В этот поздний час помещение толстого журнала пусто. Пишущие машинки отдыхают под брезентовыми пледами. Стопки бумаги в белехоньких ночных рубашках разлеглись прямо на столах. И только остро отточенные карандаши, как натренированные спортсмены, предпочитают отдыхать стоя. Мы с Маргаритой с удовольствием опускаемся в глубокие мягкие кресла и молчим. И только спустя какое-то время завязывается наш разговор. Тихий разговор по душам…
Маргарита рассказывала и при этом волновалась так, как будто ей еще сегодня снова предстояло пройти через все то, что, к счастью, уже стало неповторимым вчерашним. И по мере того как она вспоминала об этом вчерашнем, у меня на глазах исчезали кудряшки, пропадал блеск в глазах. Исчезла и пестрая косыночка, и по-модному сшитая шубка. И я снова увидела сидящую передо мной девушку в черном сарафане на двенадцати пуговицах и в надвинутом по самые брови черном платке. Бледная как полотно, стояла она на коленях и все била один земной поклон за другим. Била до тех пор, пока не упала замертво. Однако суровый белобородый старик не подошел к распростертому телу, не поднял, не брызнул водой в помертвевшее лицо. Только взглянул и тотчас отвернулся: «Авось не помрет, а помрет, так на все воля божья». И тонкие губы его снова зашептали привычные слова молитвы…
Маргарита жадно пьет воду из стакана, а потом, отдышавшись, продолжает вспоминать…
И тогда я снова вижу Маргариту все в том же черном сарафане, но комната, в которой она теперь находится, уже ничем не напоминает сырой и мрачный схрон. И белобородого тоже нет поблизости.
Маргарита смущена и взволнована новизной впечатлений и перемен, происшедших в ее жизни за какие-нибудь двадцать четыре часа. Накануне в схроне среди других членов организации обнаружили и ее. Следователь Рожков, сам отец троих ребятишек, пожалел отправить Маргариту в камеру. Вот так и вышло, что Маргарита очутилась в доме Владимира Дмитриевича.
— Да ты кушай, девочка, не стесняйся, — ласково уговаривает ее жена следователя Татьяна Павловна и пододвигает поближе шипящую сковородку.

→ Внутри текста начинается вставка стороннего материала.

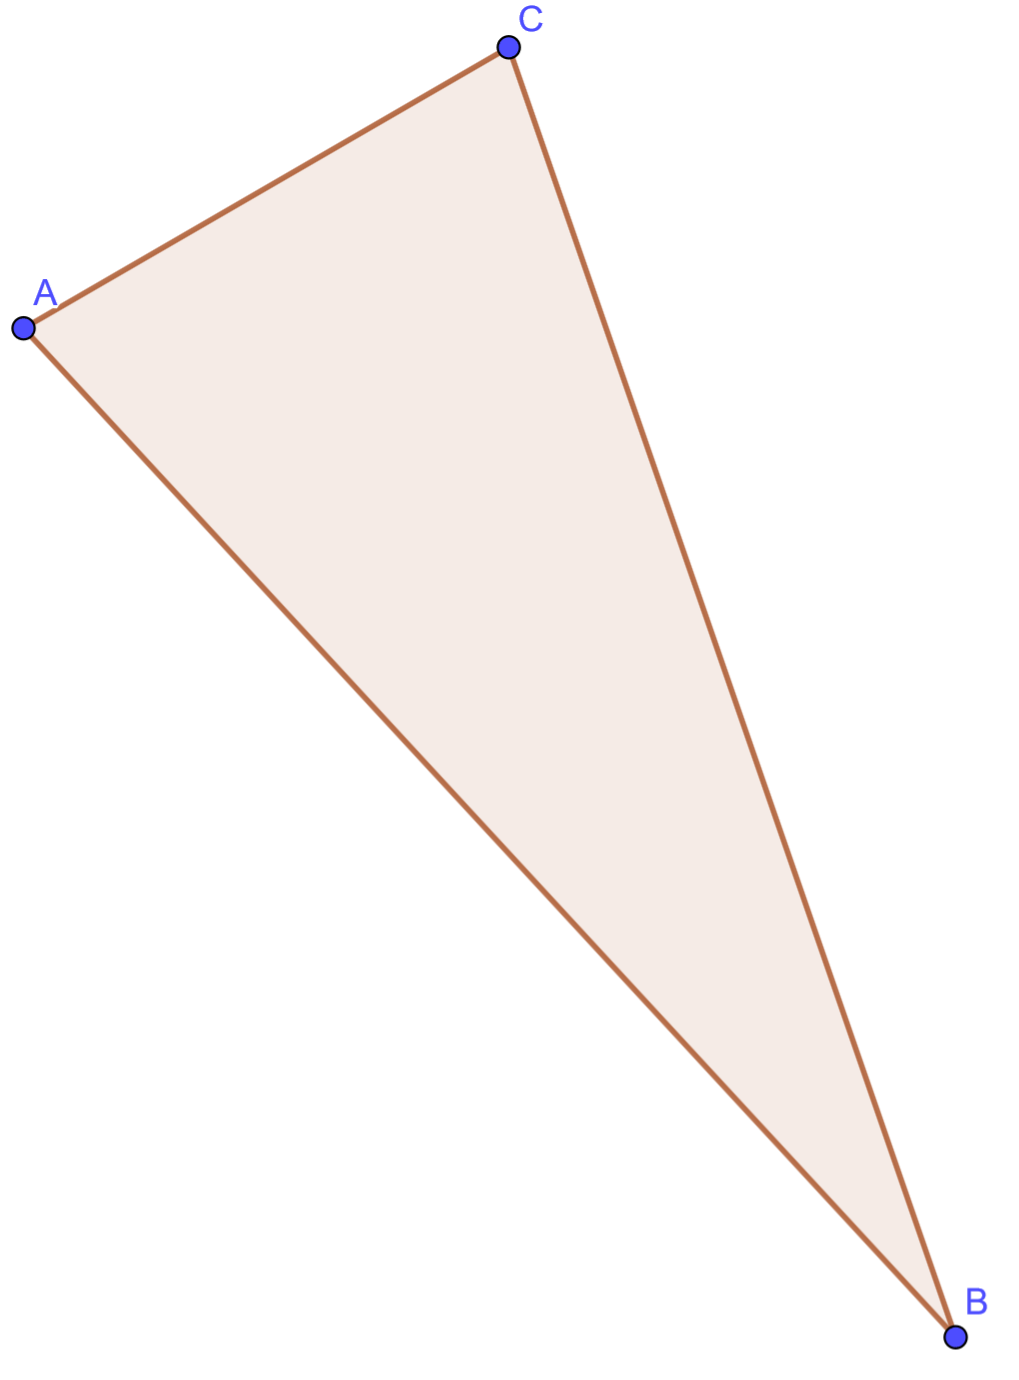 Zagadka: trójkątna przechadzka

Жареные котлеты пахнут, как все райские яства вместе взятые. Маргарита даже забыла, когда она последний раз ела мясо. Она сглатывает слюну. Ужасно хочется отведать. Наконец, решившись, несмело берет вилку и тянется к котлете. И вдруг резко отдергивает руку назад. Вилка со звоном падает.
— Нельзя. Петров пост.
— Да выкинь ты эти глупости из головы, — советует ей мужчина в кителе и сам накладывает на Маргаритину тарелку две пышные, еще шипящие в масле котлеты. — Теперь тебе все можно есть.
Однако, прежде чем приступить к еде, Маргарита по привычке подняла было два сложенных пальца ко лбу, но под удивленным взглядом ребячьих глаз креститься стало неловко.

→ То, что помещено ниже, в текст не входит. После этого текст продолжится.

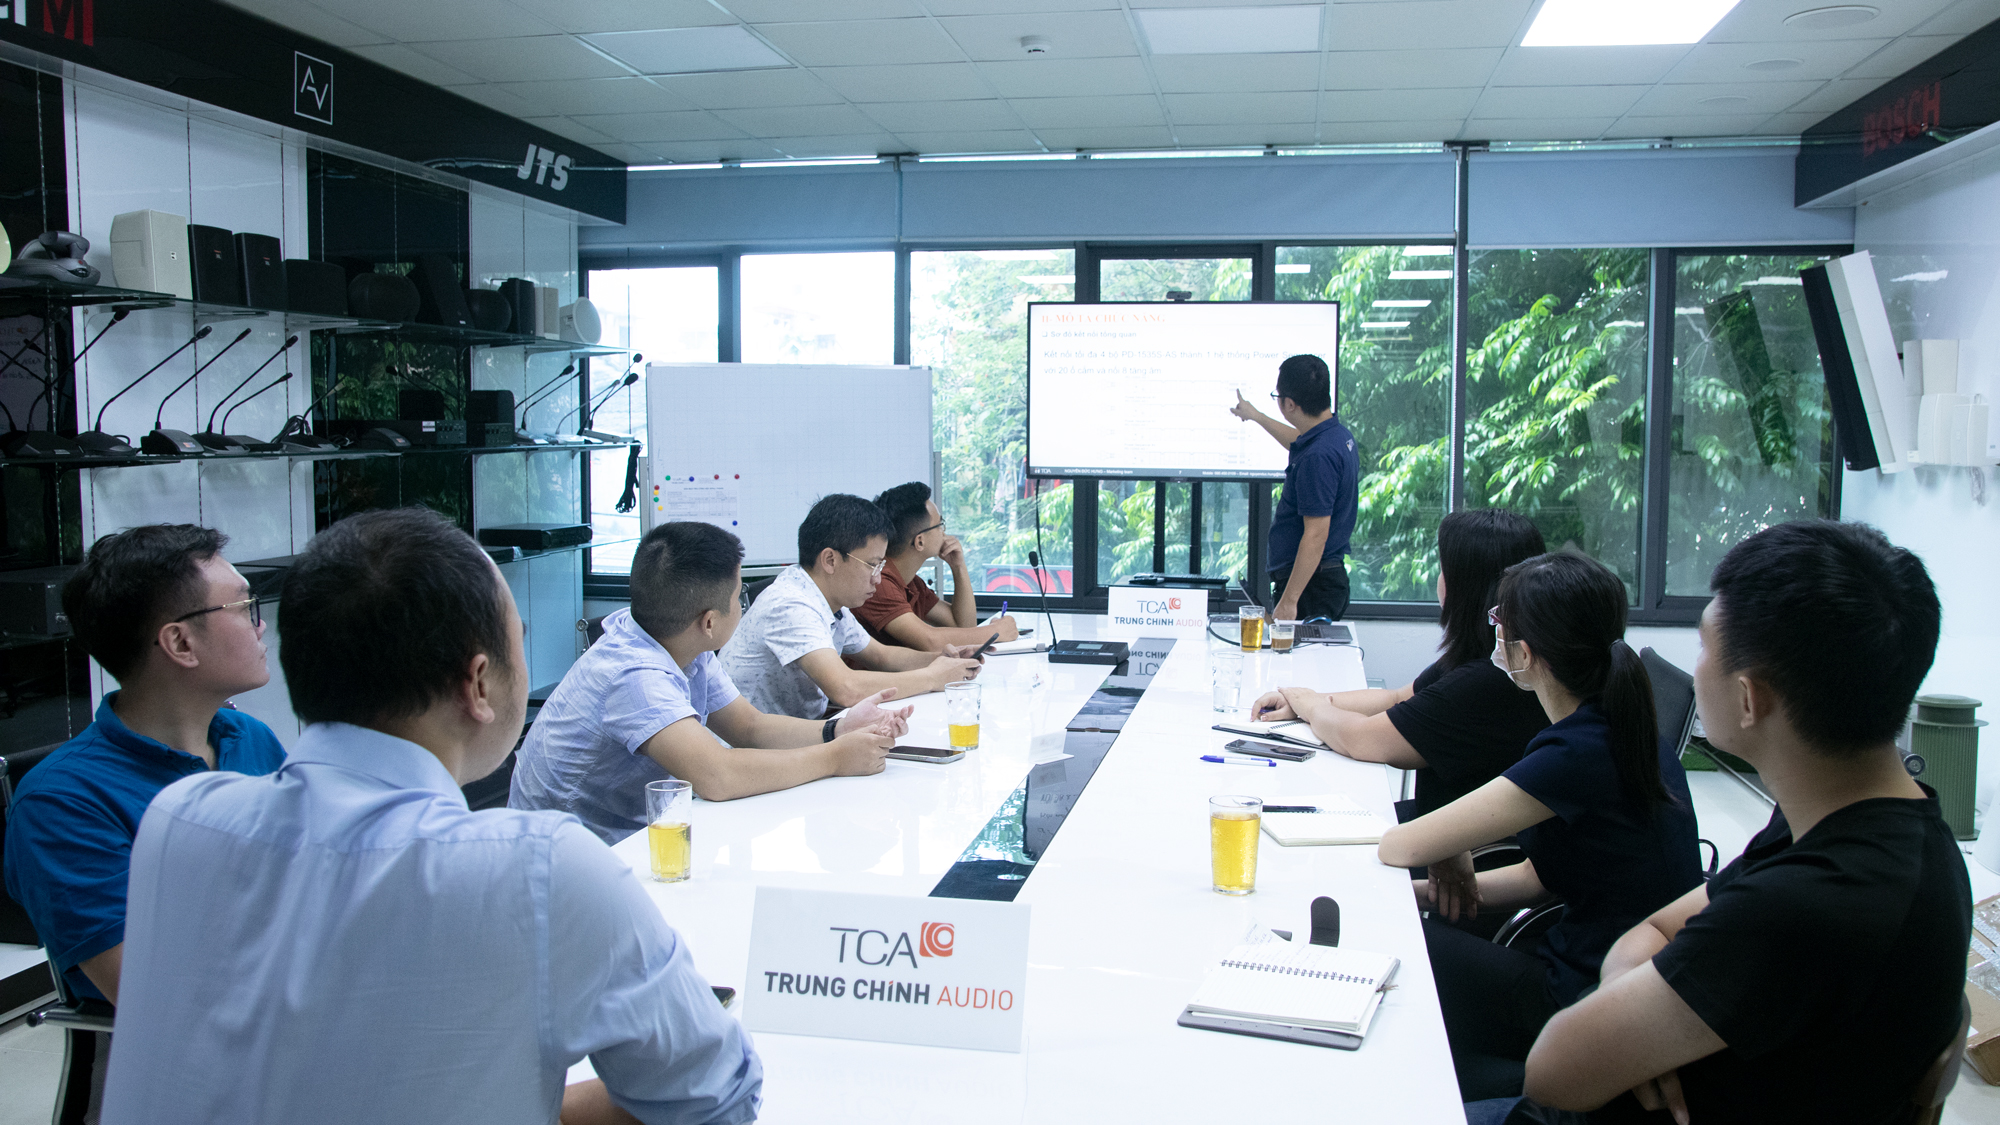 TOA VIỆT NAM giới thiệu sản phẩm mới tại TCA - Trung Chính Audio

«Попробовать, что ли, самый маленький кусочек? А то ведь даже вкус мяса забыла», — решилась наконец Маргарита.
— А ты ешь как следует, — в два голоса уговаривают ее следователь и его жена. — Тебе сил набираться надо, а то вон какая худая да бледная стала…

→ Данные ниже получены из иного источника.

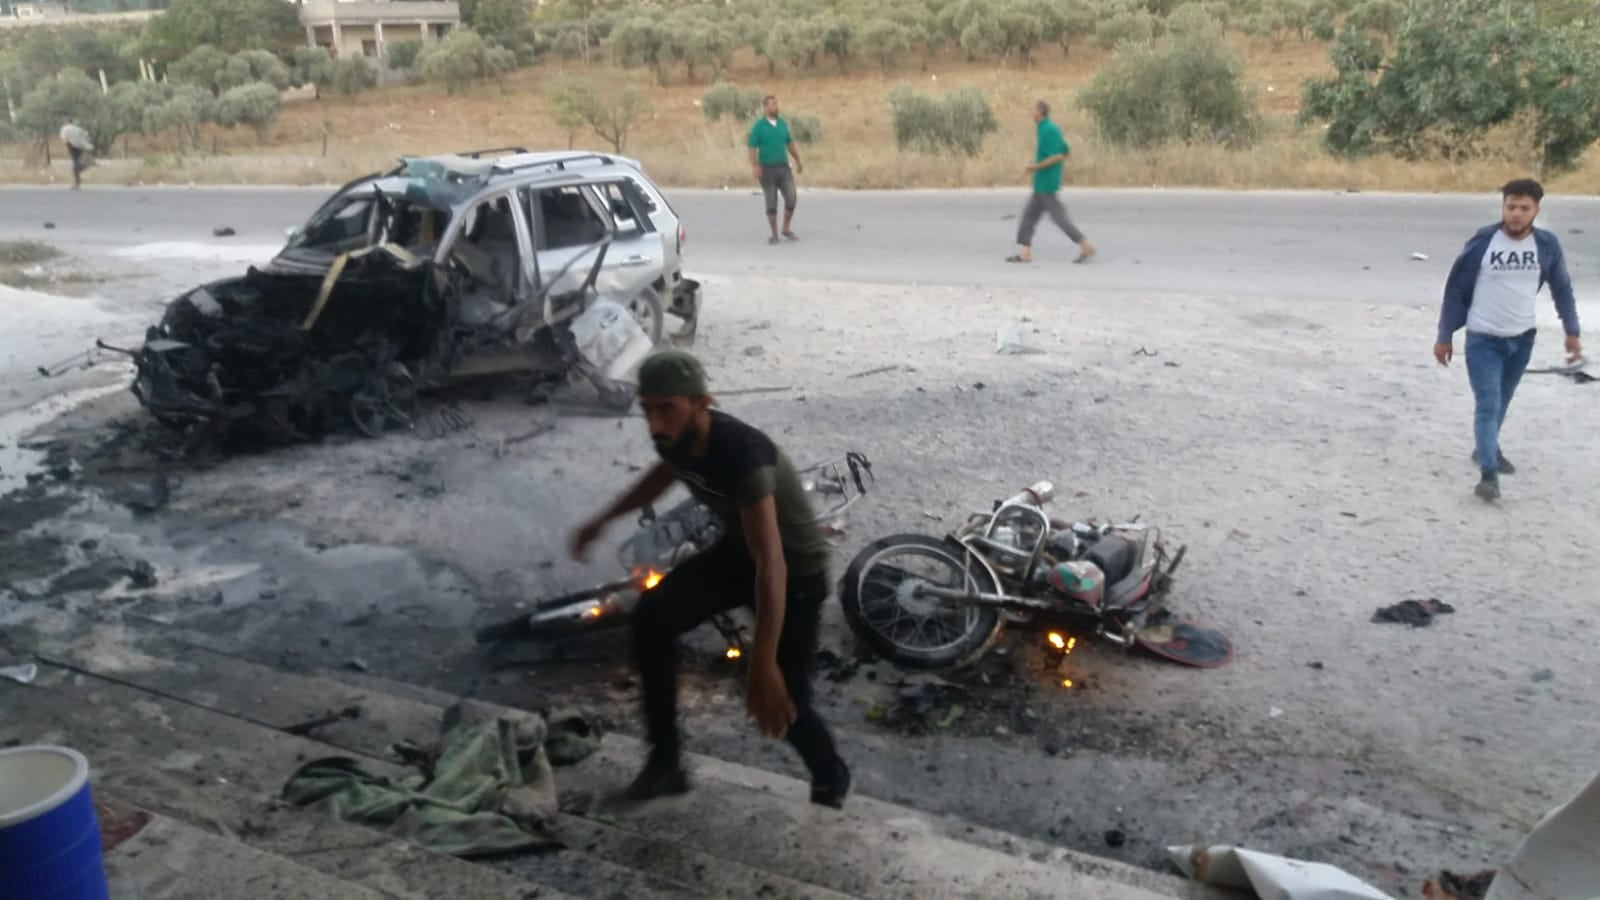 ارتقى مدني وأصيب آخرون جراء استهداف قوات الأسد سيارة مدنية على الطريق الواصل بين منطقتي بداما والزعينية غربي إدلب مساء أمس الثلاثاء.

Всего неделю жила Маргарита в семье Рожковых, но как много событий произошло с ней за это короткое время! В келье все дни походили один на другой, как бусинки четок. Здесь каждый день напоминал разноцветные бусы. Вместо унылого черного сарафана до полу нарядили Маргариту в цветастое, на скорую руку перекроенное из платья Татьяны Павловны платьице. Волосы подстригли в парикмахерской, и, приглаженные раньше в нелепые космы, они, как бы вырвавшись на волю, сразу закрутились в тугие колечки.
«Неужели это я?» — с волнением, радостью и замиранием сердца спрашивала себя Маргарита, рассматривая в зеркало эту новую девушку, такую неузнаваемую и вместе с тем своим бледным лицом бесспорно похожую на странницу Маргариту.
В новом платье, с новой прической Маргарита пошла в театр, куда ее пригласили супруги Рожковы. Давалась премьера. Впрочем, для Маргариты любой спектакль был премьерой — она первый раз в жизни сидела в зрительном зале, — ведь по уставу ИНХС всякие зрелища считались греховными…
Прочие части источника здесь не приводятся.